Grueling workouts, sacrifices worth it for devoted runners

Chris Medina

As 6 a.m. arrives, and while many students lay blissfully unaware or dreaming in their beds, a small group of them wake up and begin preparing for their days.

The preparation begins with tying their shoes, then getting in a quick stretch or warm up. After that, they’re off, sprinting into the brisk morning cold that nips at the body as they start to stretch the muscles that are still asleep.

A 10-mile run, maybe more. Then, it’s back home for a quick shower, a bite to eat, then class, homework, meetings and finally back to bed.

It’s a life that could be mistaken for a NCAA athlete, but it’s actually led by normal students preparing for this weekend’s Austin Marathon.

The race compels people such as kinesiology freshman Alex Weidenheft and economics junior Aaron Nemzer to live slightly different lifestyles.

“You really have to have a love for [running],” Nemzer said. “It is one of those things that can help you feel really good about yourself because of the dedication it takes.”

To say you love running is the easy part. What separates this lifestyle from others is the sacrifice.

“Sleep is what I sacrifice the most,” Weidenheft said. “But along with sleep, there is also the food and time aspect. I have to keep a closer eye on the types of food I take in and how much of it. It’s almost like a full-time job.”

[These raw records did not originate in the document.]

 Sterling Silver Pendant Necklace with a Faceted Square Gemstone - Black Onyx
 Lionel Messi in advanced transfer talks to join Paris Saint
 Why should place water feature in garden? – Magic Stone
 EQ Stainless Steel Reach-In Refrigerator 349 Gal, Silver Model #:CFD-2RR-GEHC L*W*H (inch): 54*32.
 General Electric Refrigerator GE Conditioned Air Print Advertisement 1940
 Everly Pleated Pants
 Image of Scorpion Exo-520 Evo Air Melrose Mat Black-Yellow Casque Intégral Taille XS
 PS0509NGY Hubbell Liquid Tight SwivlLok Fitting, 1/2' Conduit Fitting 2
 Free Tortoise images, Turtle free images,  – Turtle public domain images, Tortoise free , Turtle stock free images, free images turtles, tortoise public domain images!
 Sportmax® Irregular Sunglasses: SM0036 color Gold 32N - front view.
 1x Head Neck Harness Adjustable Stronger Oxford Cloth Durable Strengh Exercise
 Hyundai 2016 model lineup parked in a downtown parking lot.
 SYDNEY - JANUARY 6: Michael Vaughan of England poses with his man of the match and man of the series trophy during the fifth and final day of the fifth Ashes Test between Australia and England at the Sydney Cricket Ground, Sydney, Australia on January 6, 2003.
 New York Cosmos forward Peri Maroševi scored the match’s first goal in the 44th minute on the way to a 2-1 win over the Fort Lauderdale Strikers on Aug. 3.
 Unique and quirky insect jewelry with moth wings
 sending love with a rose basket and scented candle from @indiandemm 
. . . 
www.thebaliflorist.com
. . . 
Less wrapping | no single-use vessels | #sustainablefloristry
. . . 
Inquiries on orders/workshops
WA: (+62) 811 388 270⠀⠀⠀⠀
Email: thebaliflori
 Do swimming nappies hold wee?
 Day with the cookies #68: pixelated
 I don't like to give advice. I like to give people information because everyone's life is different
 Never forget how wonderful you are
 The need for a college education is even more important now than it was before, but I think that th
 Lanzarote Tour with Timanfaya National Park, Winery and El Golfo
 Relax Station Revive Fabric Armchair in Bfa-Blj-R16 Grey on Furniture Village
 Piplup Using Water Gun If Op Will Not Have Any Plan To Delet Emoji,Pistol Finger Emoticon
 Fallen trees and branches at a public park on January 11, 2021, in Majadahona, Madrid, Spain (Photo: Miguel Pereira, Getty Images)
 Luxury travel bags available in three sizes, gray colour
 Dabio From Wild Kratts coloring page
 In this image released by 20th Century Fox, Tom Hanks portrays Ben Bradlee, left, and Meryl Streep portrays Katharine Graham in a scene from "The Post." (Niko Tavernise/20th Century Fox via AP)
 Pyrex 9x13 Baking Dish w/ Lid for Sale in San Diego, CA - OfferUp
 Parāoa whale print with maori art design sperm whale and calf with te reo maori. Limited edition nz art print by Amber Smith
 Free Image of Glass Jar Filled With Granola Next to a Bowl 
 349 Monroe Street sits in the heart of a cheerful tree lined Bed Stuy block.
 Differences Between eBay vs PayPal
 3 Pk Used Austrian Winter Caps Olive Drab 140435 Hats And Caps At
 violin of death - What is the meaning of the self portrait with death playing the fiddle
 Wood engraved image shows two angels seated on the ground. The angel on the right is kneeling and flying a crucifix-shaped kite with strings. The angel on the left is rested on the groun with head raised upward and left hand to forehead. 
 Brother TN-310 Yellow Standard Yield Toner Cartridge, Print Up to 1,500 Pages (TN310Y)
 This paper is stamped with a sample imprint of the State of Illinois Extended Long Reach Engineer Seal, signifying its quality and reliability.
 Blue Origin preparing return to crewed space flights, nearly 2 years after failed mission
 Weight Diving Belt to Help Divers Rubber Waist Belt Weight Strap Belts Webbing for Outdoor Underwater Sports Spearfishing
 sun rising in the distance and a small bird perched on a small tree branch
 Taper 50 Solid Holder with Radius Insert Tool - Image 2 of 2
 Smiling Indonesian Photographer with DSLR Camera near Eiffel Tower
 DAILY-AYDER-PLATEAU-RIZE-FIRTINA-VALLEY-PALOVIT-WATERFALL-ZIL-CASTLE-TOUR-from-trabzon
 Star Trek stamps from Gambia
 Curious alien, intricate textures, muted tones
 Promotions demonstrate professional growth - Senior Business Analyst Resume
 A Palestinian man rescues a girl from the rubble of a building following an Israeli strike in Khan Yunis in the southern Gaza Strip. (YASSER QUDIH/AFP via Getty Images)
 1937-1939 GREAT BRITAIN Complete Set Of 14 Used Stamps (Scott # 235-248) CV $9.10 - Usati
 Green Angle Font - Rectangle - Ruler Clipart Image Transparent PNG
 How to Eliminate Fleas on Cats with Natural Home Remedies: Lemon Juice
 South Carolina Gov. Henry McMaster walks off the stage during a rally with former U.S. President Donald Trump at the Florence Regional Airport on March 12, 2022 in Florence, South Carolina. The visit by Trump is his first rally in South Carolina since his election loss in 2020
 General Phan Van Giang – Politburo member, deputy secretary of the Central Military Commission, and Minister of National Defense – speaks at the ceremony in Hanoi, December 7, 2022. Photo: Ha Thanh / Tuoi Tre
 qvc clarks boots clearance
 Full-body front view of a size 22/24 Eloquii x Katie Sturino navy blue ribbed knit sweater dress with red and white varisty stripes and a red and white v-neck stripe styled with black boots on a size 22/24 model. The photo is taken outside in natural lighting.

Runners like Weidenheft and Nemzer usually consume a diet full of carbohydrates, fiber, protein, fat and, most importantly, lots and lots of water. The diet is essential for a distance runner because it prevents the body from becoming ill and helps the runner concentrate, recover and perform better.

But, of course, running includes many mental and physical struggles. Nemzer and Weidenheft agreed on the general aspects of training such as paying attention to the way their feet land on the ground and the way their arms move while they run, but their specific techniques differ.

“When training, I try to focus a lot on my breathing. It is when I control my breathing that I can focus on muscle memory,” said Weidenheft, whose half-marathon this weekend is her first competitive race. “The rest is pretty easy.”

Nemzer is aiming for the full marathon with multiple 5ks, 10ks and other races under his belt.

“Other than a quick check of my feet and arms, I mostly just try to stay loose,” he said. “I try to do what feels right and focus a majority on the mental aspect. I get in the habit of talking to myself and occasionally singing to myself in order to keep that pace I want.”

The pair’s race philosophies converged once more when talking about the experience of running. The key, both agreed, is knowing what to expect from the wear and tear of an endurance race.

“Who wouldn’t want experience in this type of running?” Weidenheft said. “I’m really just nervous because I don’t want to disappoint myself.”

Nemzer, as a veteran competitor, is not as worried.

“The first time is always hard,” he said. “You question yourself and get butterflies. It is when you have been there and done it when you can get rid of the butterflies and trust yourself. Knowing you have run the miles before helps you train mentally. That X-factor relaxes you and helps you focus on what is going to push you to the next level.”

No matter the experience, personality or training technique, there is one aspect that remains the same for all runners at this weekend’s marathon — the finish line.